4.2. Venom Samples Preparation

To test molecules with OC differentiation and immunoregulation potential effects, B. moojeni venom, available at the biobank of the Center of Excellence for the Discovery of Molecular Targets (CENTD), was used. B. moojeni venom (10.0 mg/mL) was also fractionated using a 10 kDa cutting membrane, resulting in low and high molecular mass fractions.

4.3. Cell Viability Test—Cell Count Kit 8 (CCK8)

The cells were plated following the protocol for differentiating PBMCs into osteoclasts (item 4.1). Cell viability was assessed on the 15th day of culture, using the Cell Count Kit-8 (CCK-8, Dojindo Molecular Technologies, Kumamoto, Japan), a period corresponding to 24 h after the cells were challenged with the venom and fractions. The CCK-8 solution was added at a 1:20 ratio with incubation in a humidified environment, at a tension of 5% CO2 for 4 h, and the optical density (DO) obtained in a spectrophotometer (Quant, Bio-Tek Instruments, INC) with a wavelength of 450 nm. The results were expressed as a percentage, based on calculations correlating the samples’ optical densities with the optical density of the control and the reagent (white).

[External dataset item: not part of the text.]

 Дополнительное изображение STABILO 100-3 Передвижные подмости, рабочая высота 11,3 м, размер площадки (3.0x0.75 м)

4.4. Phosphatase Resistant of Tartarate (TRAP) Staining

At the end of the differentiation period, the culture medium was aspirated, and the cells were washed 3(x) with PBS. The cells were fixed by adding a solution containing 25.5% citrate solution (18 mM citric acid, 9 mM sodium citrate, 12 mM sodium chloride, and surfactant pH 3.6 ± 0.1), 66.3% acetone, and 2.9% formaldehyde for 30 s at room temperature. The TRAP solution was prepared previously (according to the manufacturer’s instructions), and heated to 37 °C. Next, cells were gently washed 3(x) with PBS, and incubated in TRAP solution for 1 h at 37 °C. The TRAP solution was aspirated, and the cells washed again 3(x) with deionized water preheated to 37 °C, and the nuclei stained with Gill Hematoxylin Solution No. 3 for 1–2 min at room temperature. The staining process was completed by washing the cells with alkaline water, showing a counter-staining, allowing an analysis of the differentiated cells under light microscopy.

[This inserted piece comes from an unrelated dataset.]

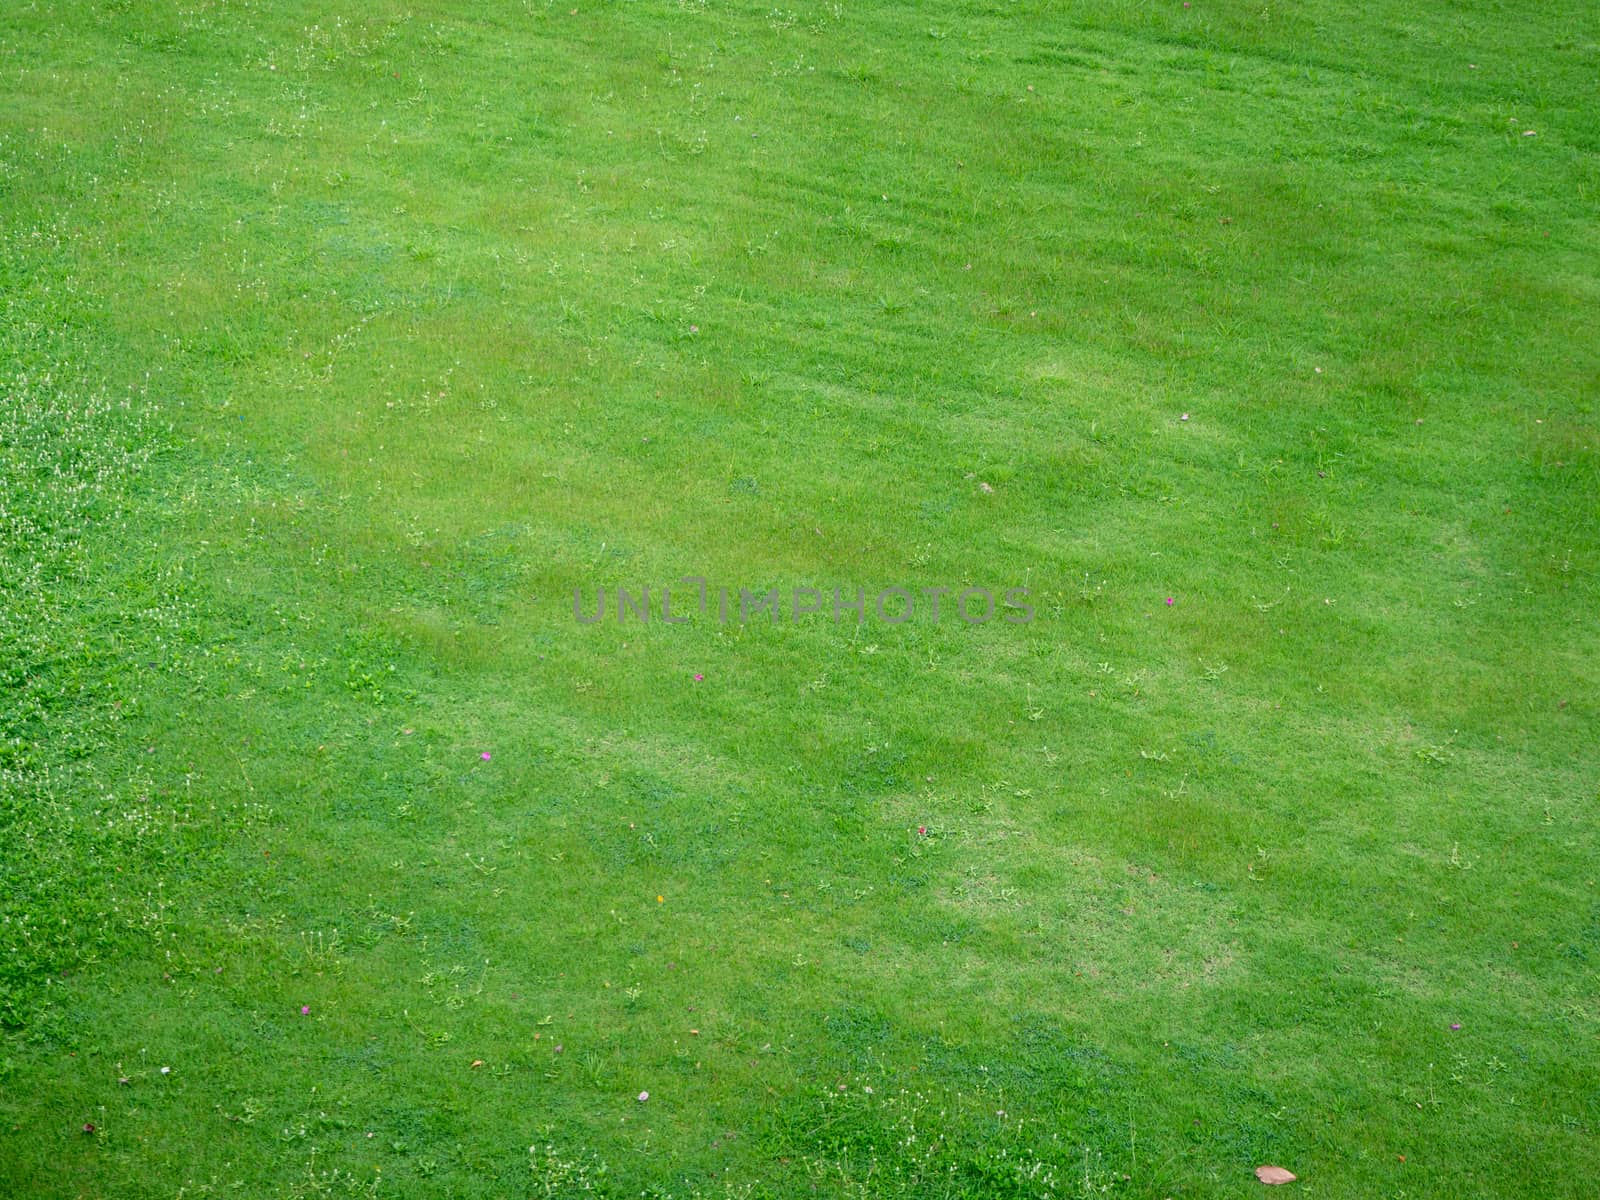 Green grass texture background, Top view of grass garden Ideal c by shutterbird

4.5. F-Actin Ring Staining

To check the formation of F-actin rings (osteoclasts phenotypic characteristic), phalloidin was staining with fluorophore Alexa Fluor 488 (Life Technologies, Carlsbad, CA, USA), a mycotoxin from the group of phallotoxins produced by Amanita phalloides mushrooms. The structure has an affinity for actin filaments (COOPER, 1987). The cells were fixed with a 3.7% paraformaldehyde solution for 10 min and then washed with phosphate-saline buffer (English, Phosphate Buffered Saline—PBS) pH 7.4, and permeabilized with Triton X-100. Phalloidin staining was done at a ratio of 1:200 for 30 min. The fluorescence detection was excited/emitted at 495/518 nm, under a TSi Nikon fluorescence microscope.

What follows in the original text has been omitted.